Reverse Order Accreditation Process

The Southwest Missouri Chapter of PRSA in Springfield has taken a different approach to completing the Accreditation process. Once accepted into the program, candidates here prepare for the Readiness Review, submitting their project and then preparing for the panel Review. Once  successfully completed, we dive into the prep for the online Examination for Accreditation in Public Relations. It’s worked well for the four of us who have completed the Accreditation process.

One of the advantages of studying and preparing for the Readiness Review first is that it’s more of a “known quantity.” You know your project inside out; it’s familiar territory, and so you get comfortable and confident with the process. 

Preparing for the online Examination is more daunting because no matter how much you prepare, you really don’t know if you’ve studied enough or studied smart. The APR Online Study Course certainly helps, and I’d recommend it as money well spent, even if you don’t complete every activity.

If this reverse order approach sounds appealing, one change I’d recommend is to familiarize yourself with the knowledge, skills and abilities (KSAs) covered by the Examination as you prepare for the Readiness Review. Had I done my homework, I’d have written the answers to my Readiness Review Questionnaire differently.

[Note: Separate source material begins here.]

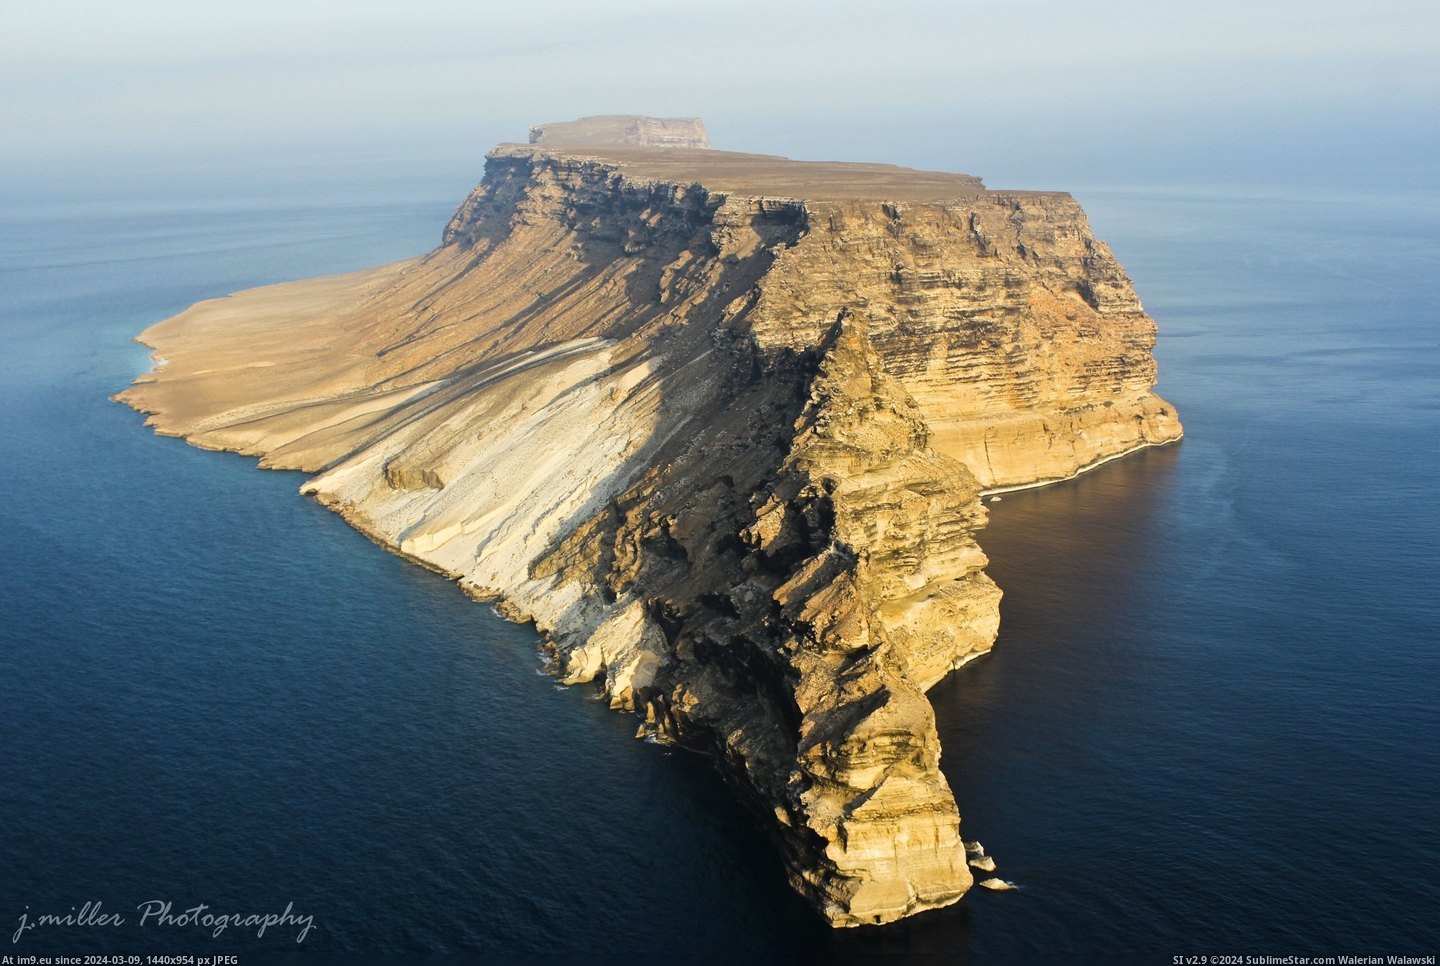 #Island #Public #Yemen #Darsa #Aerial #Photograph [Earthporn] Darsa Island, Yemen. Only known public aerial photograph of this island. [OC][2,073 × 3,110] Pic. (Obraz z album My r/EARTHPORN favs))
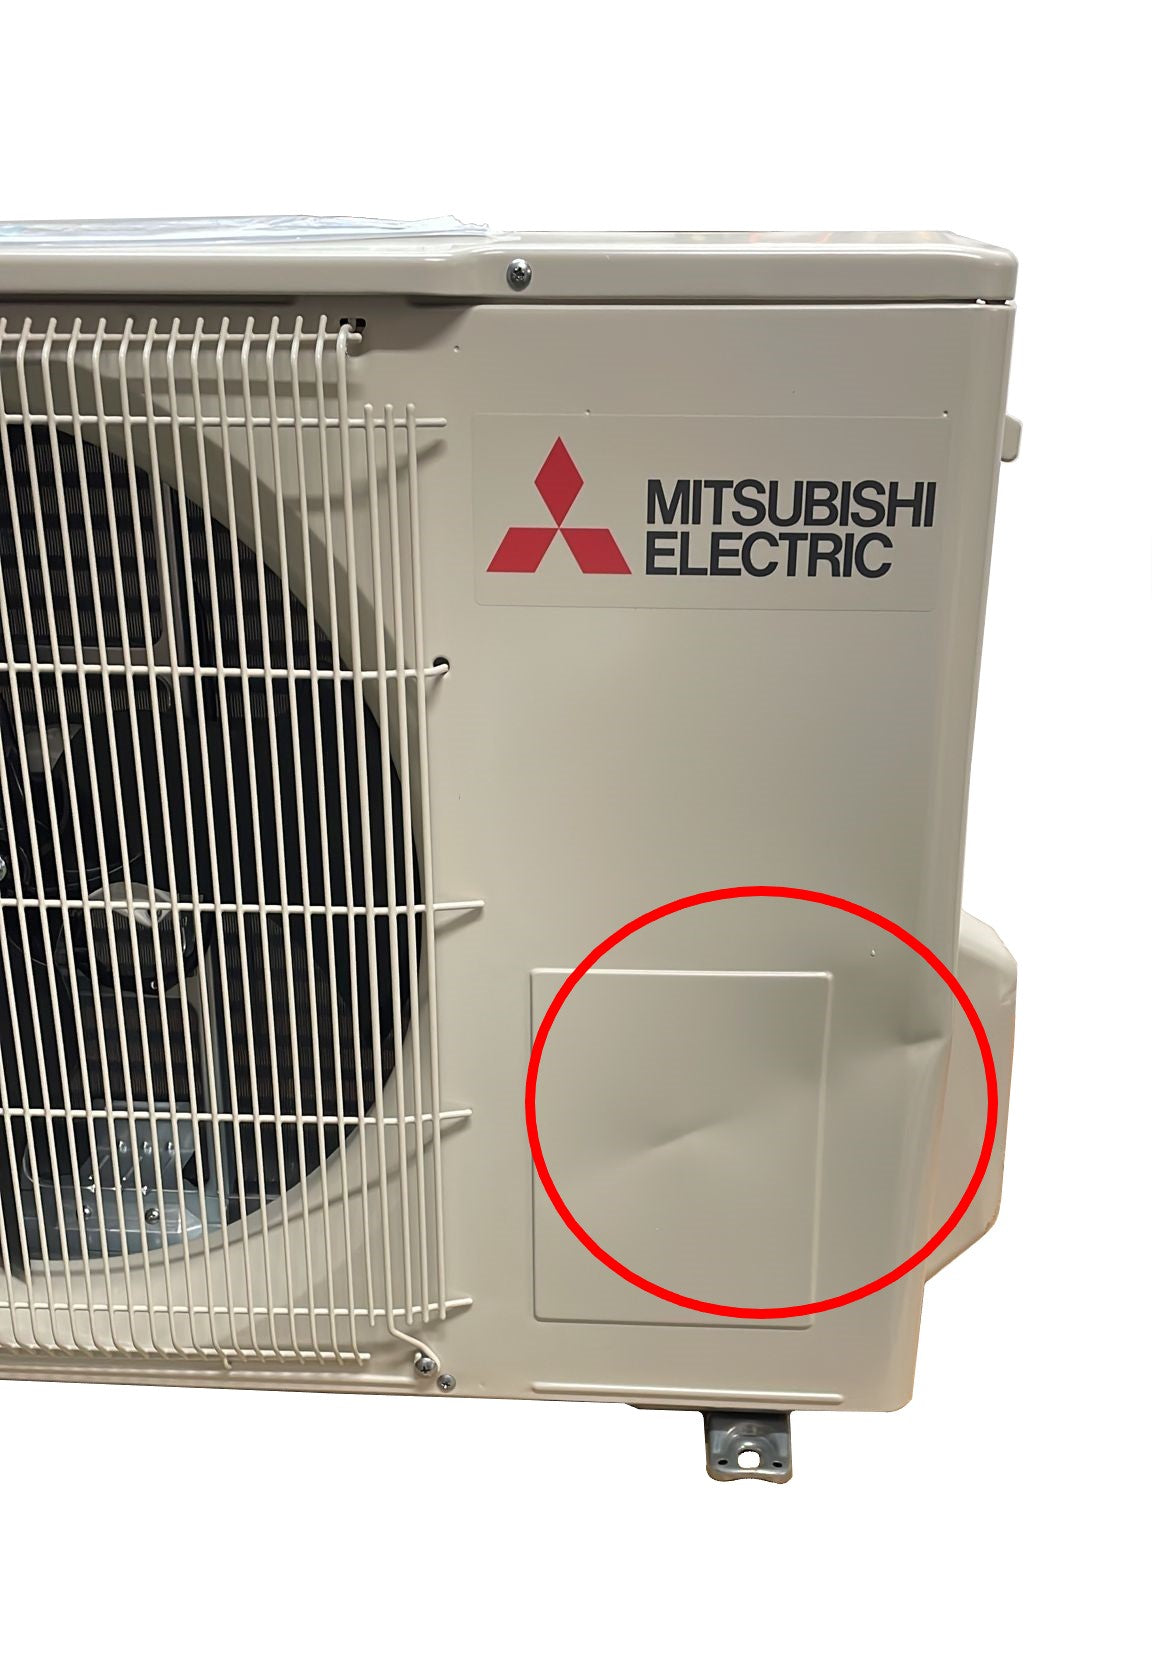 immagine-5-mitsubishi-electric-area-occasioni-climatizzatore-condizionatore-mitsubishi-electric-inverter-serie-dw-12000-btu-msz-dw35vf-r-32-wi-fi-optional

Jennifer Ailor, APR, Ailor Communications, Accredited in June 2010. Connect with Jennifer on LinkedIn.

1 Comment

  • The APR preparation process can be grueling; as Jennifer mentions, several long-term strategies can help the process along such as learning and internalizing the KSAs before the readiness review and having the support of a local chapter. When I began pursuing accreditation in Denver earlier this year, the local APR committee gave some very helpful advice about the readiness review presentation. It helped that I was active in the chapter beforehand and was friendly with some members who had already received accreditation. Denver’s APR committee also set up a social network on Ning specifically targeted to those who had received accreditation and those actively seeking it. Through that network, I met a few PRSA members with whom I studied for a while.

    Also correctly, Jennifer writes that preparing for the online exam can be “daunting” because there is no guarantee one will study sufficiently or smartly. That’s the position I find myself in now, not only because I am just a little over a month from sitting for the exam and wondering how I will do, but also because I also just moved across the country for a new job and my local PRSA network of friends is gone. I could certainly reach out to members of my “new” local chapter but for personal reasons (new child on the way in mid-November!) it looks like I really need to pass the exam in late October since I don’t know when else I’ll have a chance to sit for it again in the near future. As a result, I’ve dedicated most of my free time to studying hard based on the content outlined in the study guide.

    Thanks to Jennifer for her good advice about the reverse order accreditation process. If I’d considered this method earlier, I might have incorporated it into my own studying habits.